For an economy in which oil alone contributes 95 per cent of export earnings and about 80 per cent of budgetary revenues, the urgency to grow new income sources has become stronger, especially with crude oil output falling to a multi-decade low recently.
This is coming at a fitting moment when Nigeria is holding its seventh presidential vote of the Fourth Republic during which economic reforms that promise enduring prosperity will be a key consideration in deciding who wins among the top four contenders.
But other major metrics of development are perhaps even gloomier.
Debt servicing gulped about 80 per cent of government revenue from January to November 2022 although the World Bank expects it will climb to 123.4 per cent this year.
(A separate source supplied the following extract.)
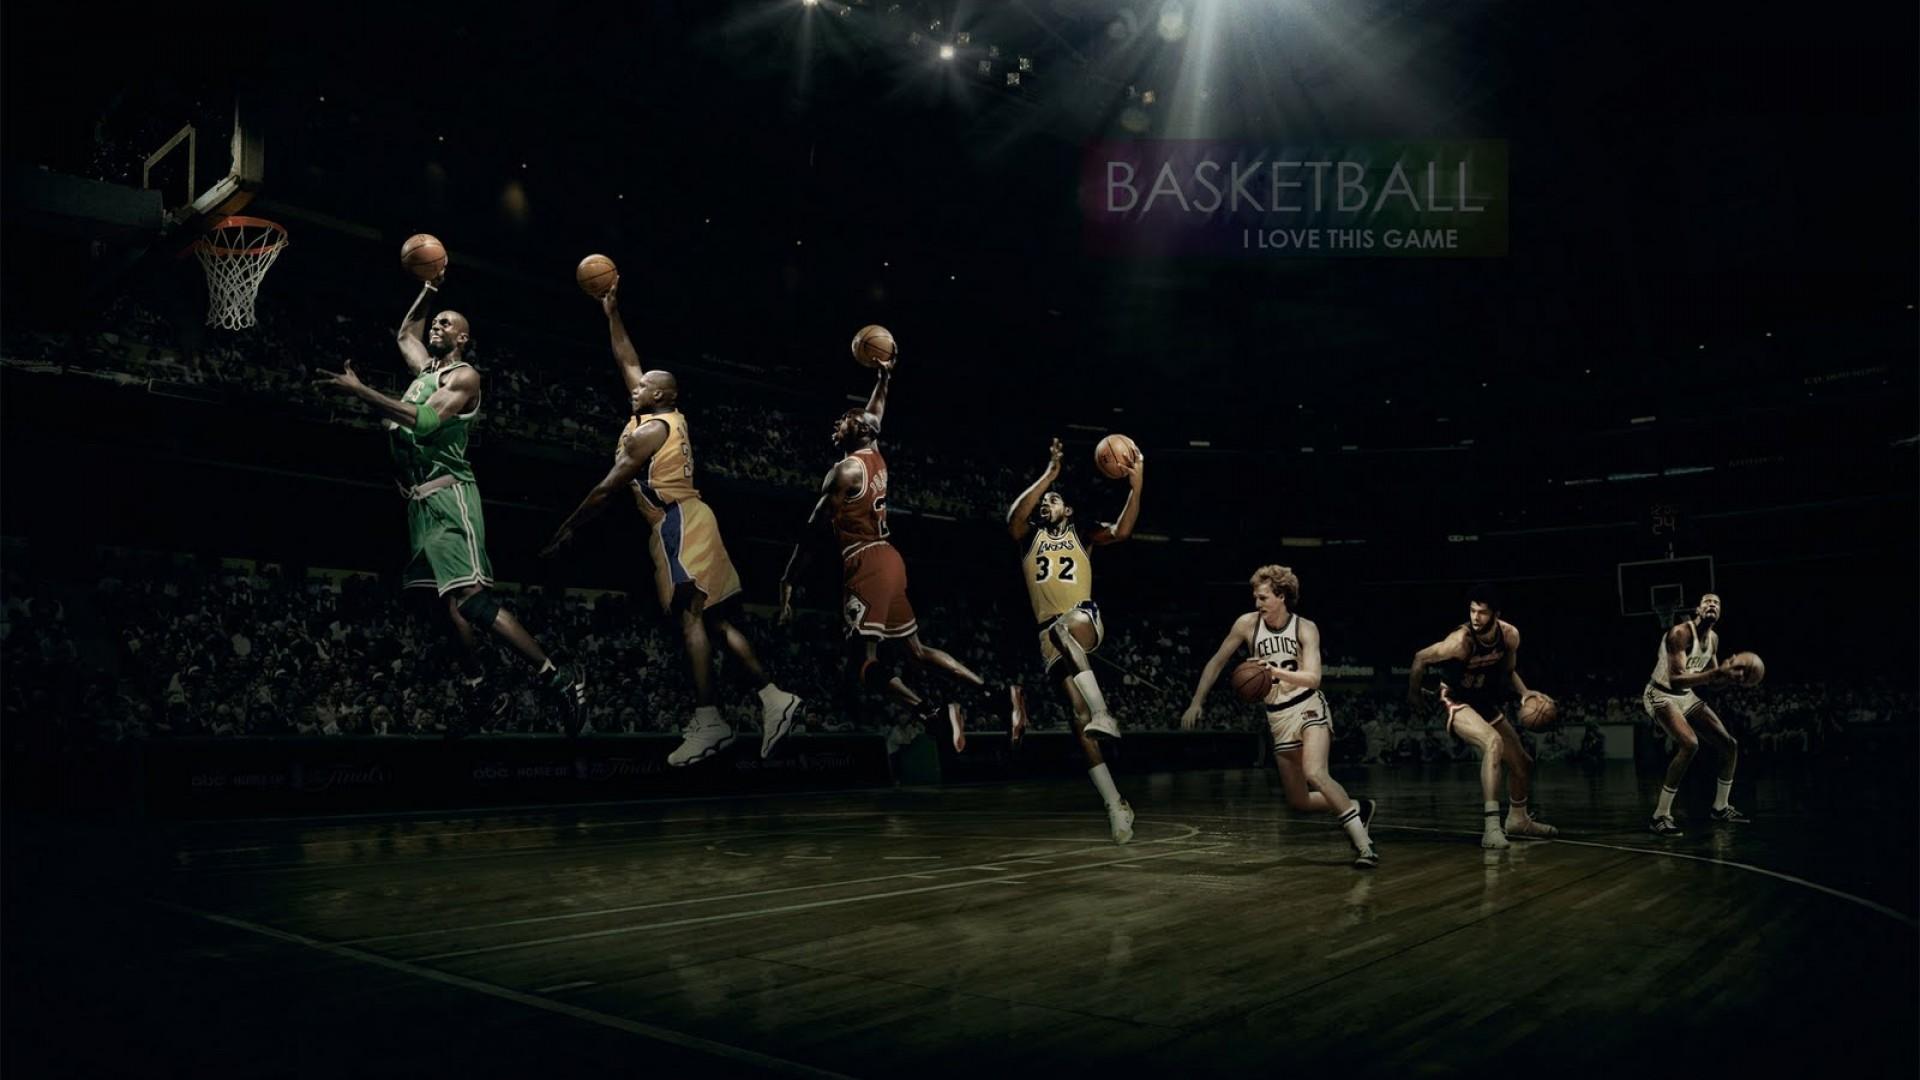 … Basketball-Wallpapers-HD …

At 21.8 per cent, Nigeria’s headline inflation surged to its 17-year peak last month, wrecking the government’s long-standing plan of keeping it within a 6-9 per cent target band.
The figure could be way higher, with the International Monetary Fund noting this month that Nigeria’s parameters for measuring inflation rate are outdated and unreliable and calling for the inflation basket to be reconstituted.
Much of the pressure on price levels is fuelled by the outrageous premium most importers and manufacturers pay on dollars sourced from the parallel market, compared to that of the official market, where the currency is cheaper but in inadequate supply.
As of Wednesday, the US dollar closed at N752 at the black market in contrast to N461.6 at the I&E Forex Window, leaving a spread of 62.9 per cent.
The four leading candidates in the 2023 presidential election hope to approach these and other constraints somewhat differently, going by their manifestos.
Former Vice President Atiku Abubakar, the presidential candidate of the Peoples Democratic Party (PDP), favours a free market economy more than the other three and has laid out plans to radically liberalise trade, end government’s monopoly in certain sectors, and de-risk lending to MSMEs.
Labour Party’s Peter Obi aspires to diversify the economy through a departure from consumption to production. He will pivot the shift around building manufacturing capacity and setting up his “Fourth Industrial Revolution,” anticipated to be driven by agricultural development and vast exportation of finished goods.
Bola Tinubu, the All Progressive Congress (APC)’s presidential hopeful, seeks to sustain the public-private partnership (PPP) model of President Muhammadu Buhari, who is a fellow party man.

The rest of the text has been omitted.